ACTIVITY.
In the records below, repeat word for word only the lines starting at the one that contains "Acht vollständig restaurierte" and ending at the one that contains "Das Modell 31", pictures excluded.

SUPPLIED DATA.
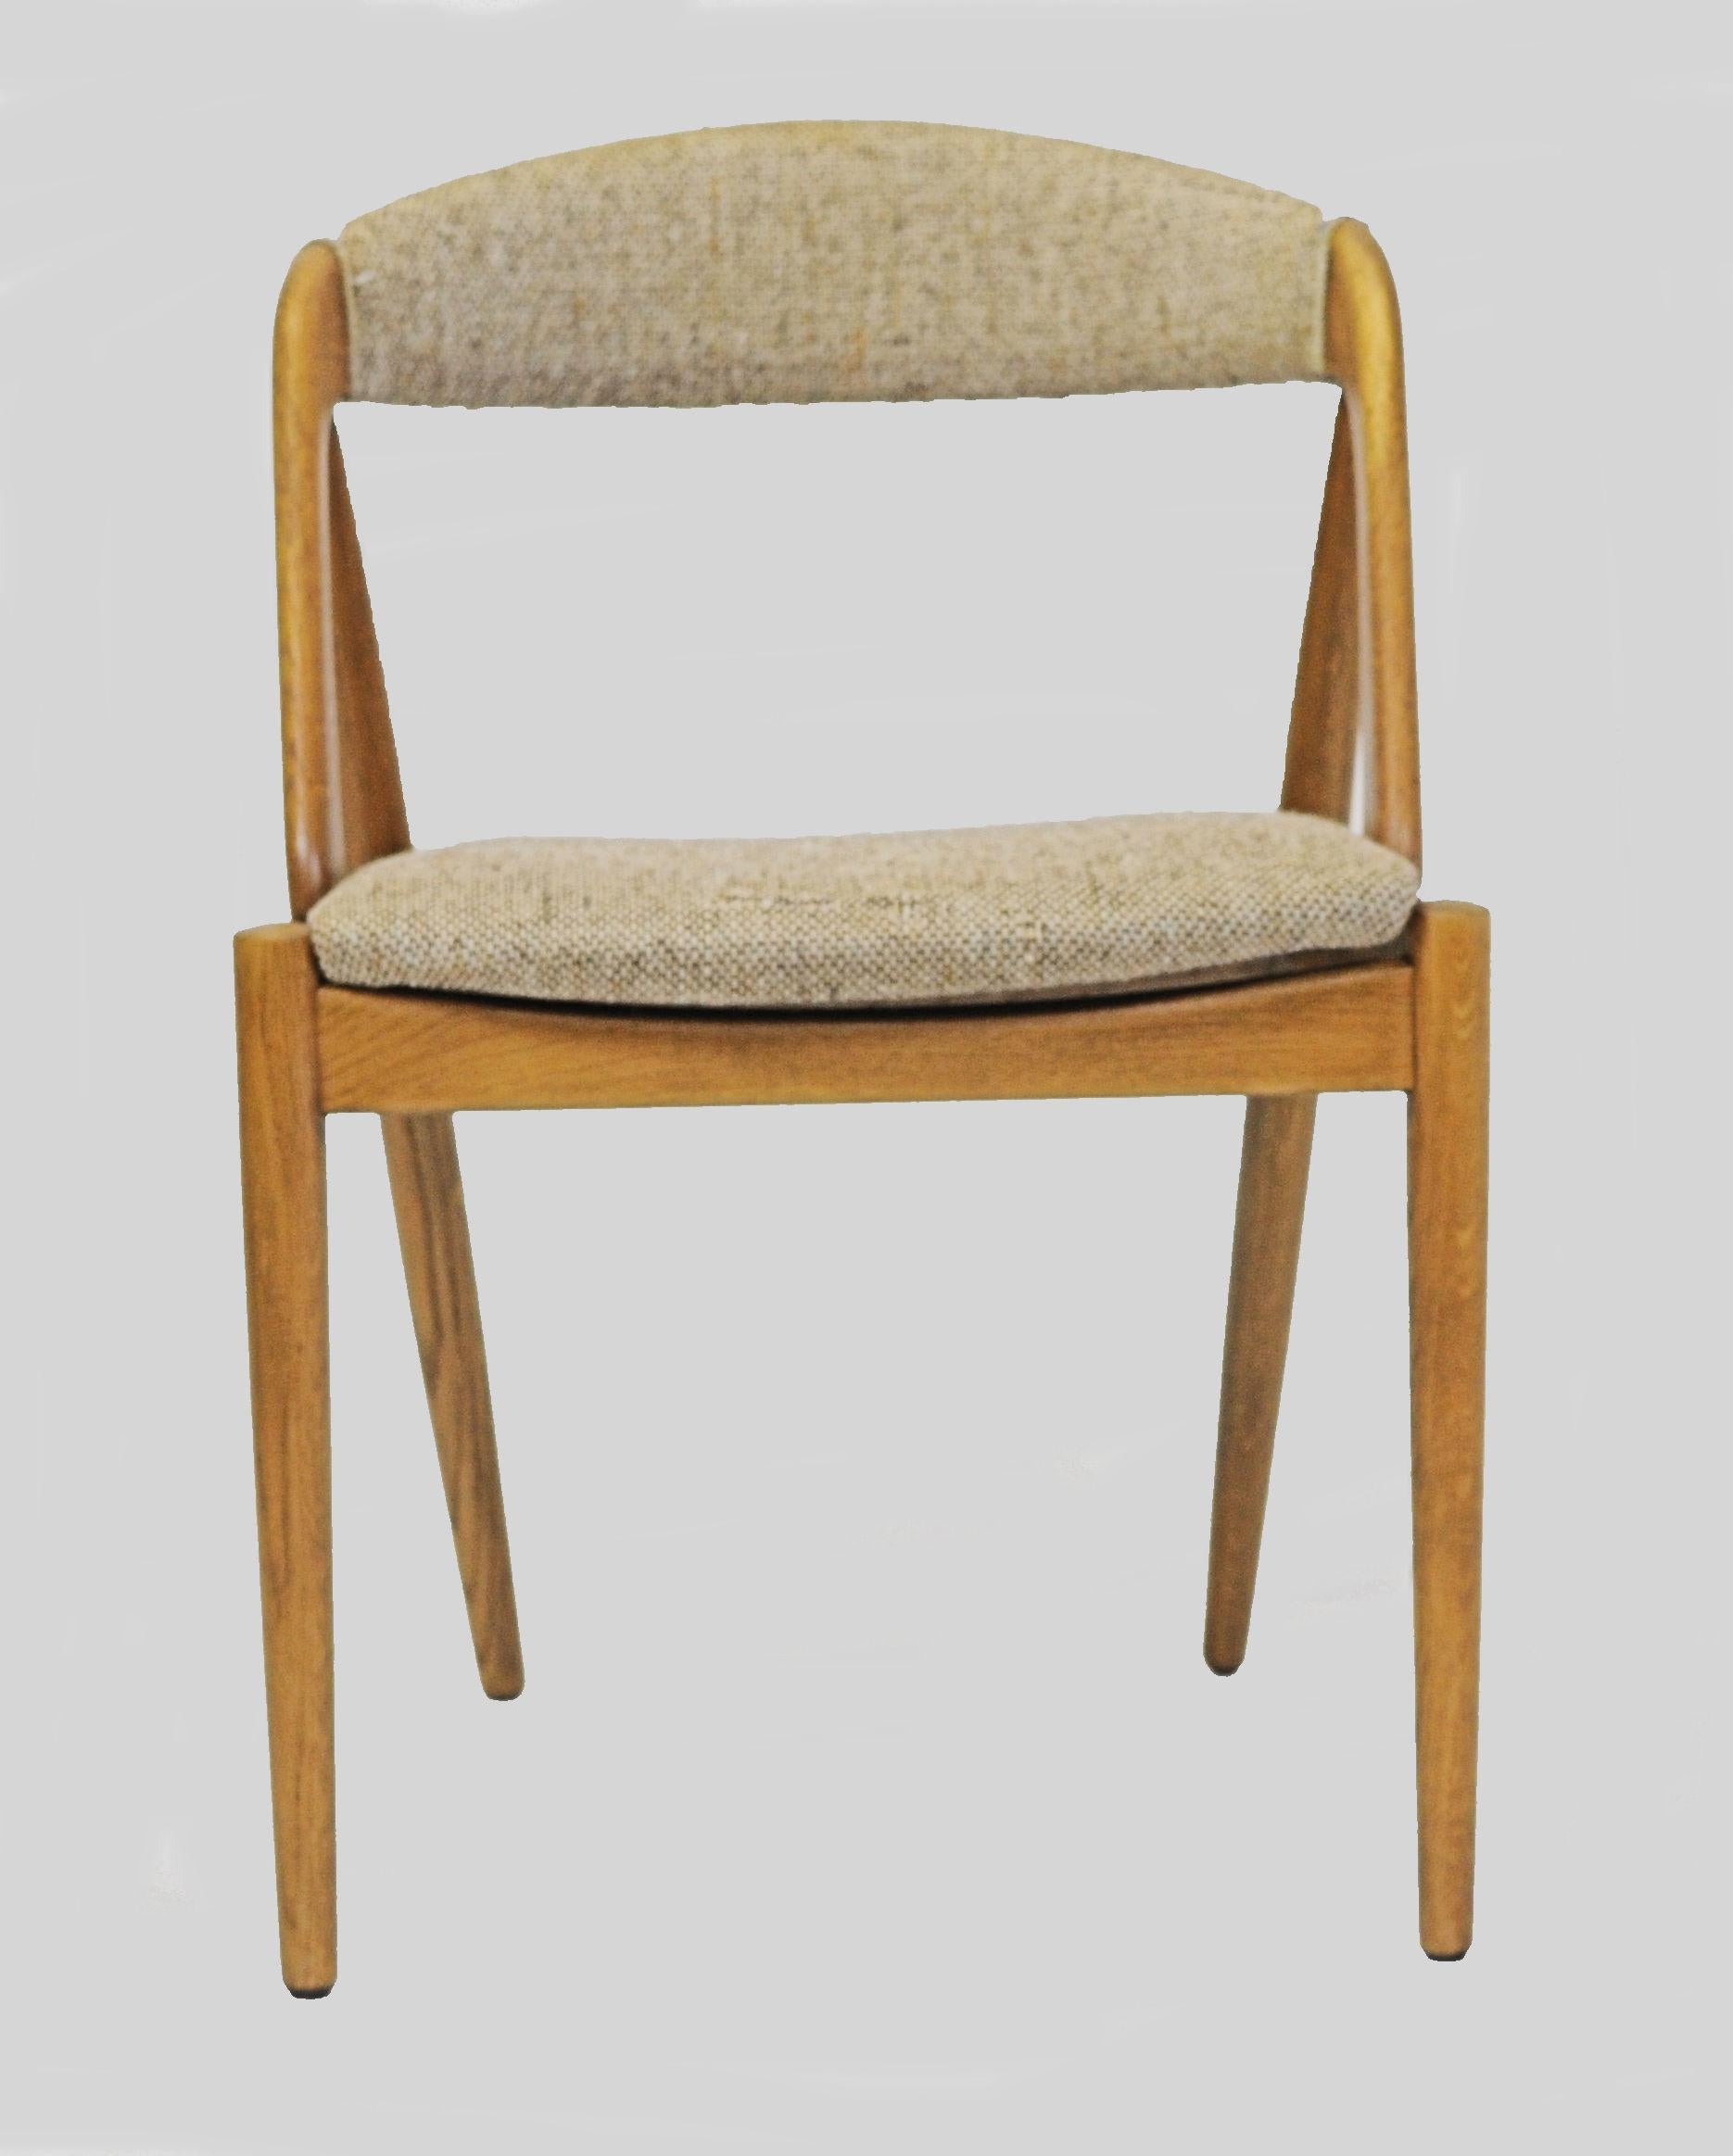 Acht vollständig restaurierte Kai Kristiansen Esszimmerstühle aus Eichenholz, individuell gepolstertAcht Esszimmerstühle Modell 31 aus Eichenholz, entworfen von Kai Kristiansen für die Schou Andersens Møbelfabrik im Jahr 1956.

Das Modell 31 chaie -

---

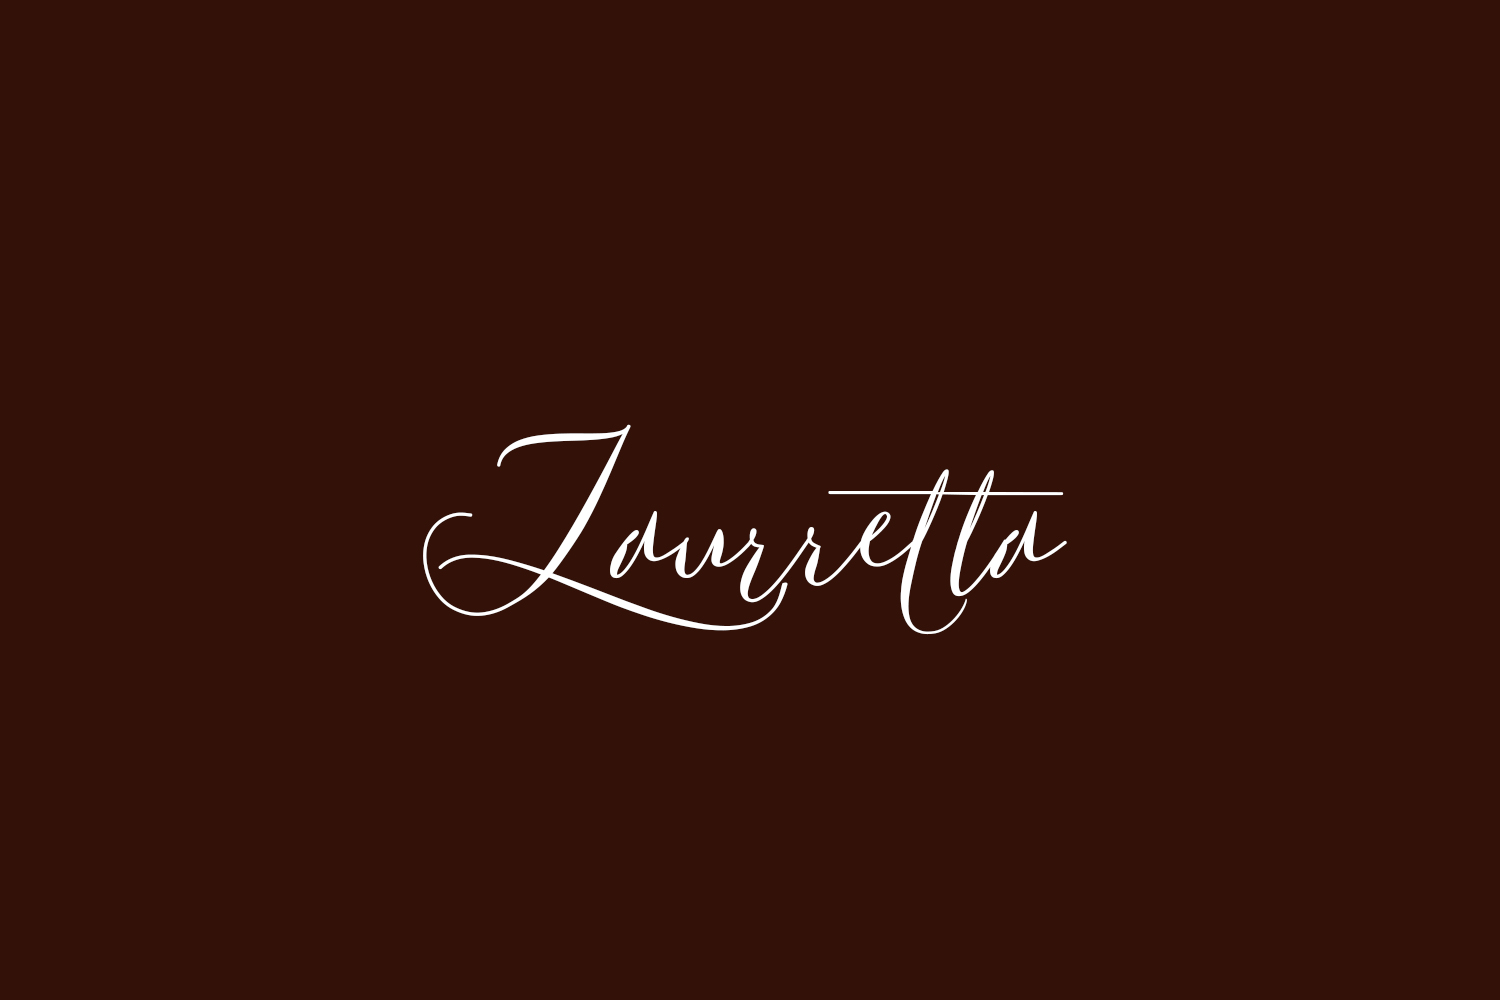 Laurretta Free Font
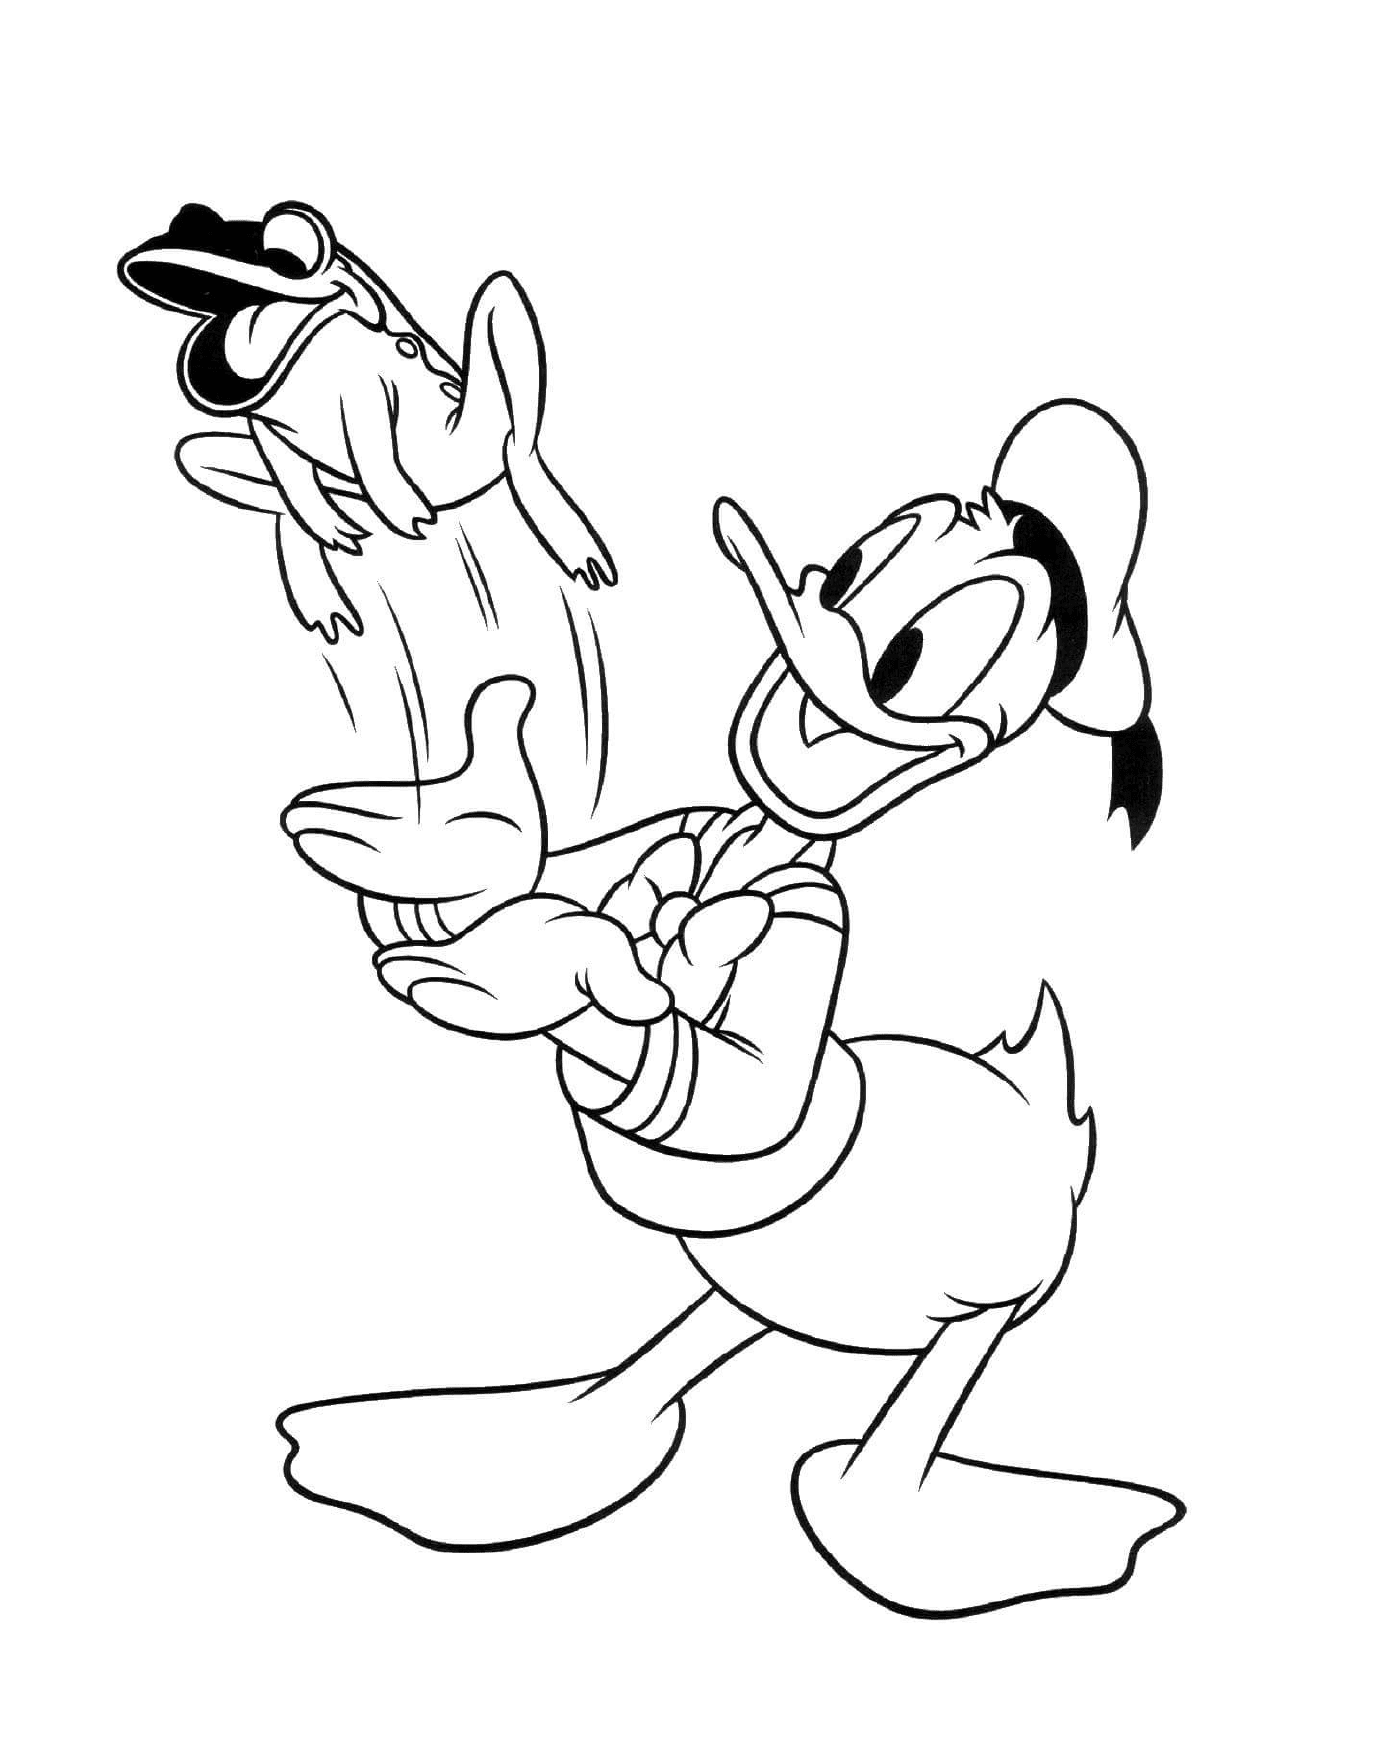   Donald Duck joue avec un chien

--

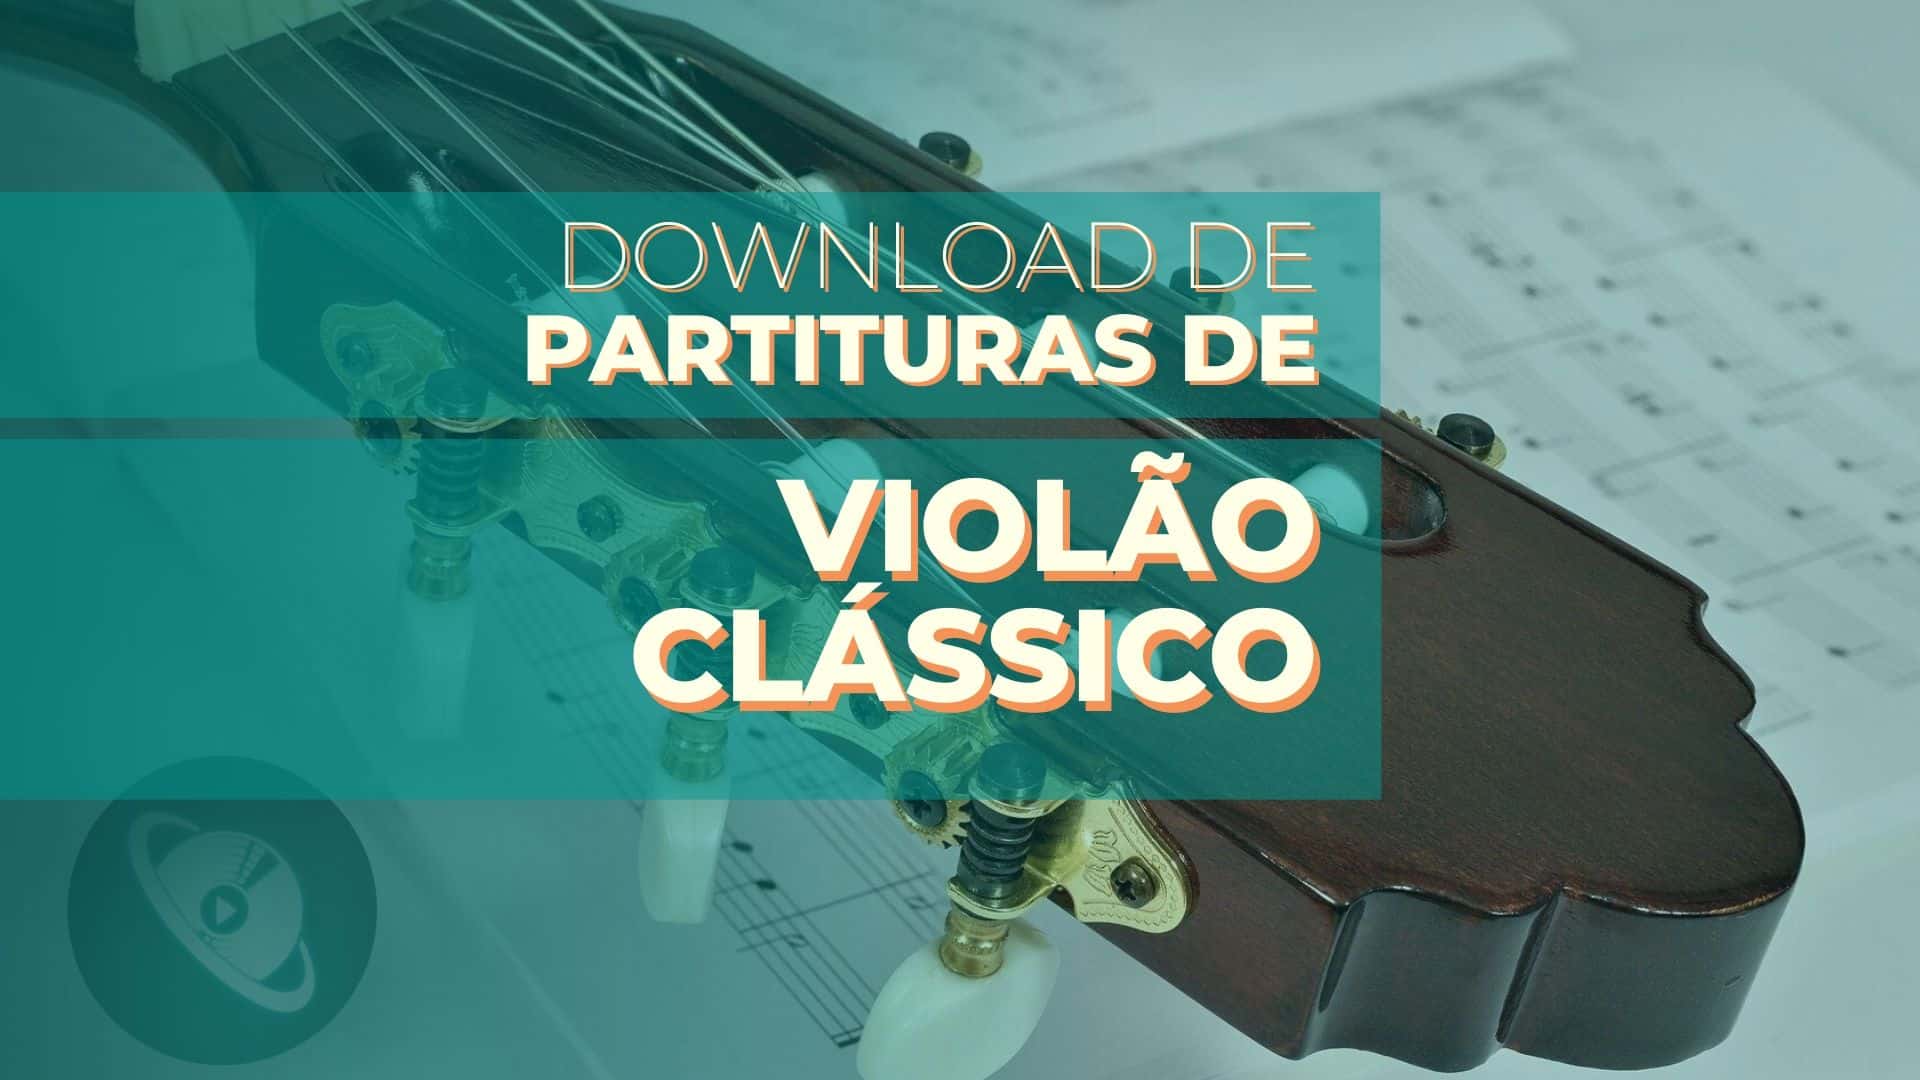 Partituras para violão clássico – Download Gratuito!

WRITTEN ANSWER.
 Acht vollständig restaurierte Kai Kristiansen Esszimmerstühle aus Eichenholz, individuell gepolstertAcht Esszimmerstühle Modell 31 aus Eichenholz, entworfen von Kai Kristiansen für die Schou Andersens Møbelfabrik im Jahr 1956.

Das Modell 31 chaie -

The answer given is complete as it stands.